This series adds the base support to preserve a VFIO device file across
a Live Update. "Base support" means that this allows userspace to
safetly preserve a VFIO device file with LIVEUPDATE_SESSION_PRESERVE_FD
and retrieve a preserved VFIO device file with
LIVEUPDATE_SESSION_RETRIEVE_FD, but the device itself is not preserved
in a fully running state across Live Update.

This series unblocks 2 parallel but related streams of work:

 - iommufd preservation across Live Update. This work spans iommufd,
   the IOMMU subsystem, and IOMMU drivers [1]

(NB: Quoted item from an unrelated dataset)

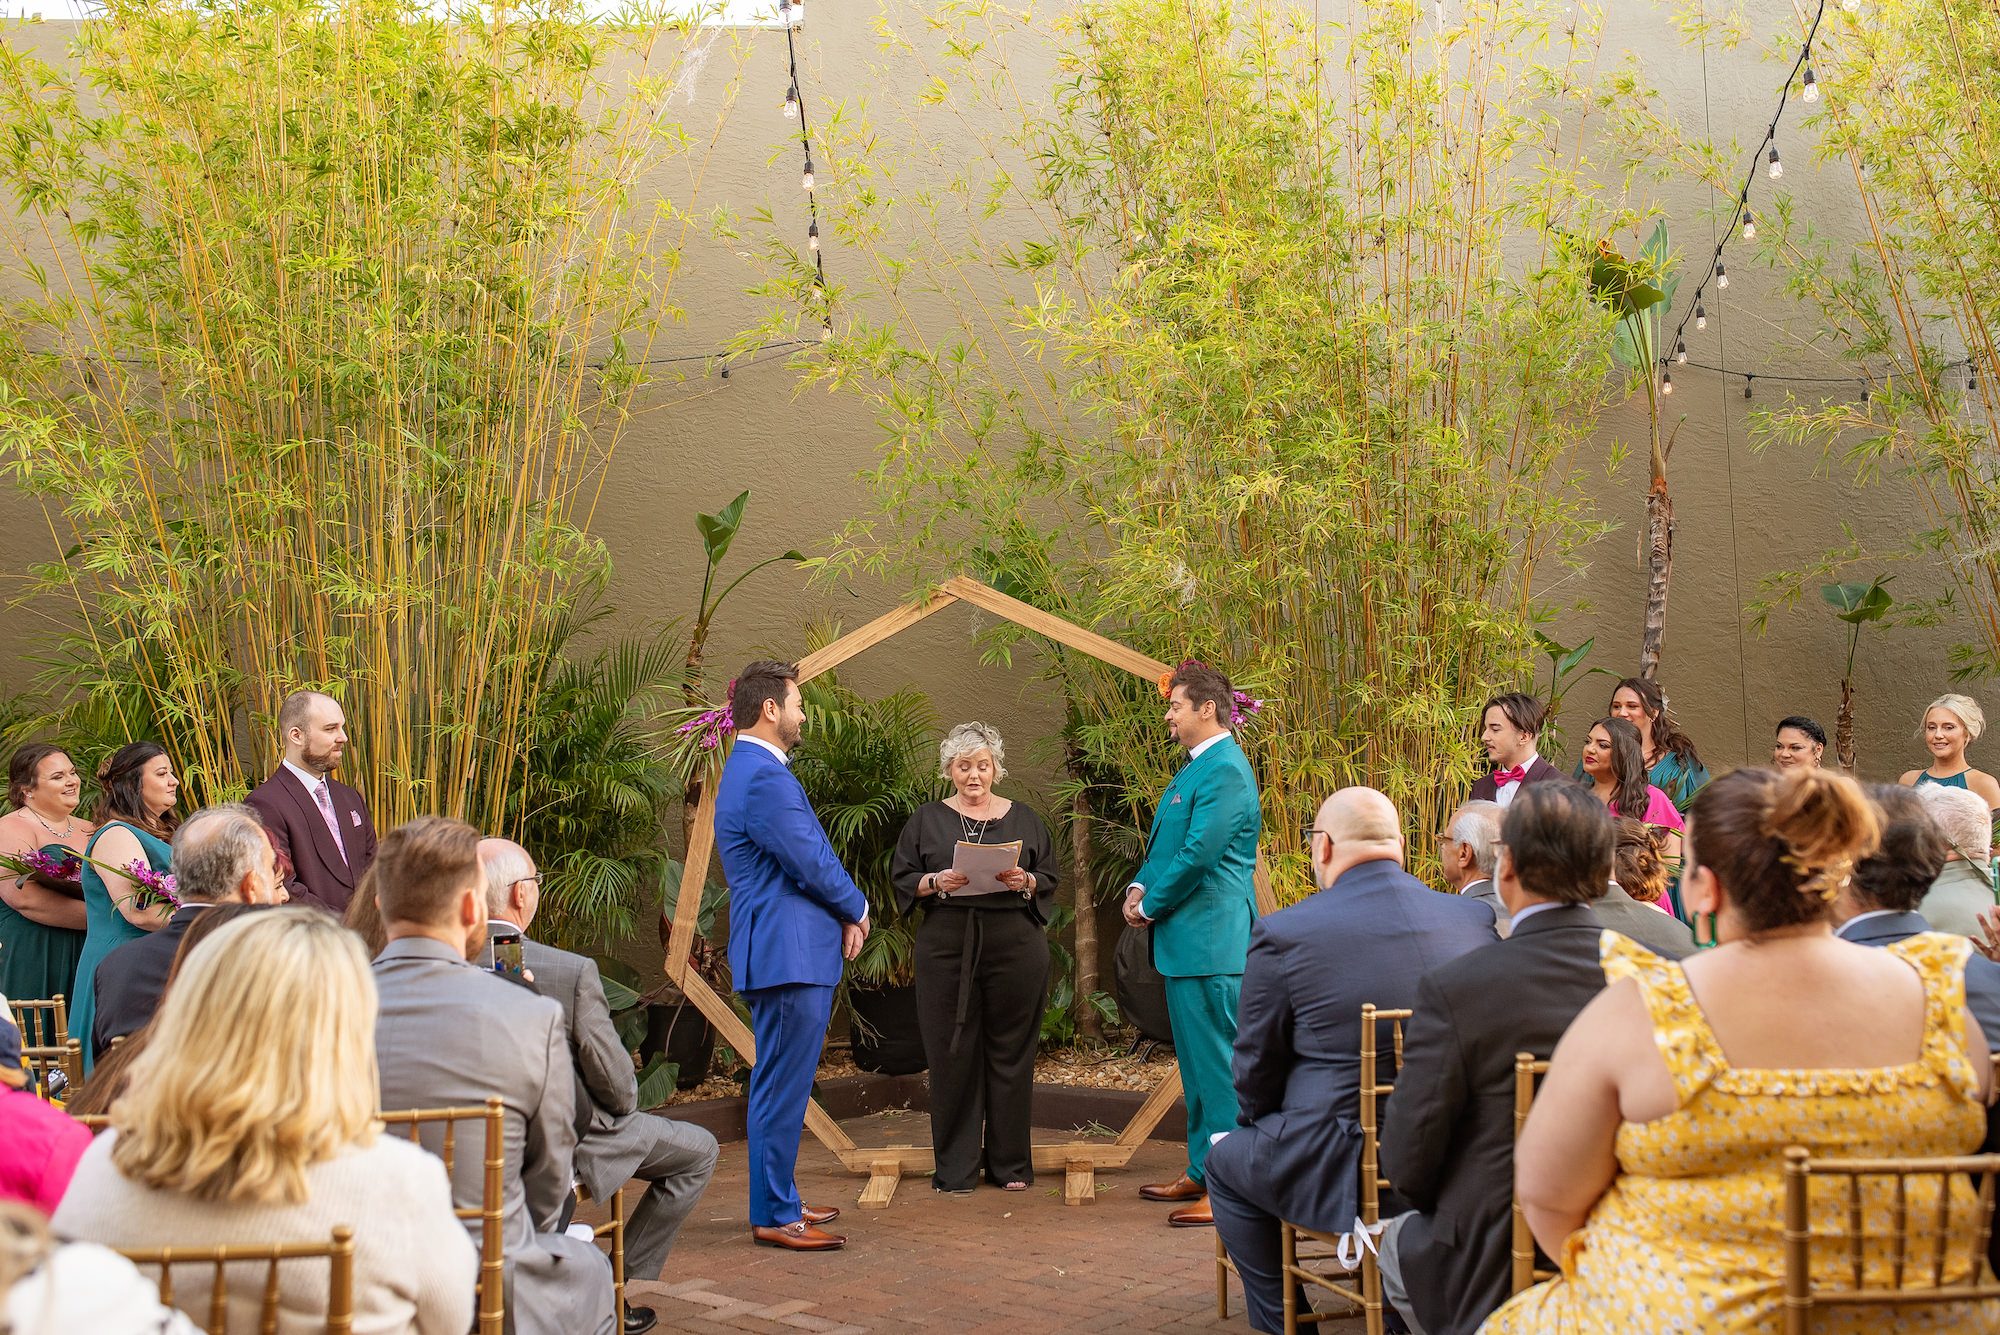 Groom and Groom Exchanging Vows in Tropical Industrial Wedding Ceremony | St. Petersburg Wedding Venue Nova 535 | Florida Photographer Kristen Marie Photography

 - Preservation of VFIO device state across Live Update (config space,
   BAR addresses, power state, SR-IOV state, etc.). This work spans both
   VFIO and the core PCI subsystem.

While we need all of the above to fully preserve a VFIO device across a
Live Update without disrupting the workload on the device, this series
aims to be functional and safe enough to merge as the first incremental
step toward that goal.

Areas for Discussion
--------------------

BDF Stability across Live Update

  The PCI support for tracking preserved devices across a Live Update to
  prevent auto-probing relies on PCI segment numbers and BDFs remaining
  stable. For now I have disallowed VFs, as the BDFs assigned to VFs can
  vary depending on how the kernel chooses to allocate bus numbers. For
  non-VFs I am wondering if there is any more needed to ensure BDF
  stability across Live Update.

  While we would like to support many different systems and
  configurations in due time (including preserving VFs), I'd like to
  keep this first serses constrained to simple use-cases.

FLB Locking

  I don't see a way to properly synchronize pci_flb_finish() with
  pci_liveupdate_incoming_is_preserved() since the incoming FLB mutex is
  dropped by liveupdate_flb_get_incoming() when it returns the pointer
  to the object, and taking pci_flb_incoming_lock in pci_flb_finish()
  could result in a deadlock due to reversing the lock ordering.

FLB Retrieving

  The first patch of this series includes a fix to prevent an FLB from
  being retrieved again it is finished. I am wondering if this is the
  right approach or if subsystems are expected to stop calling
  liveupdate_flb_get_incoming() after an FLB is finished.

Testing
-------

The patches at the end of this series provide comprehensive selftests
for the new code added by this series. The selftests have been validated
in both a VM environment using a virtio-net PCIe device, and in a
baremetal environment on an Intel EMR server with an Intel DSA device.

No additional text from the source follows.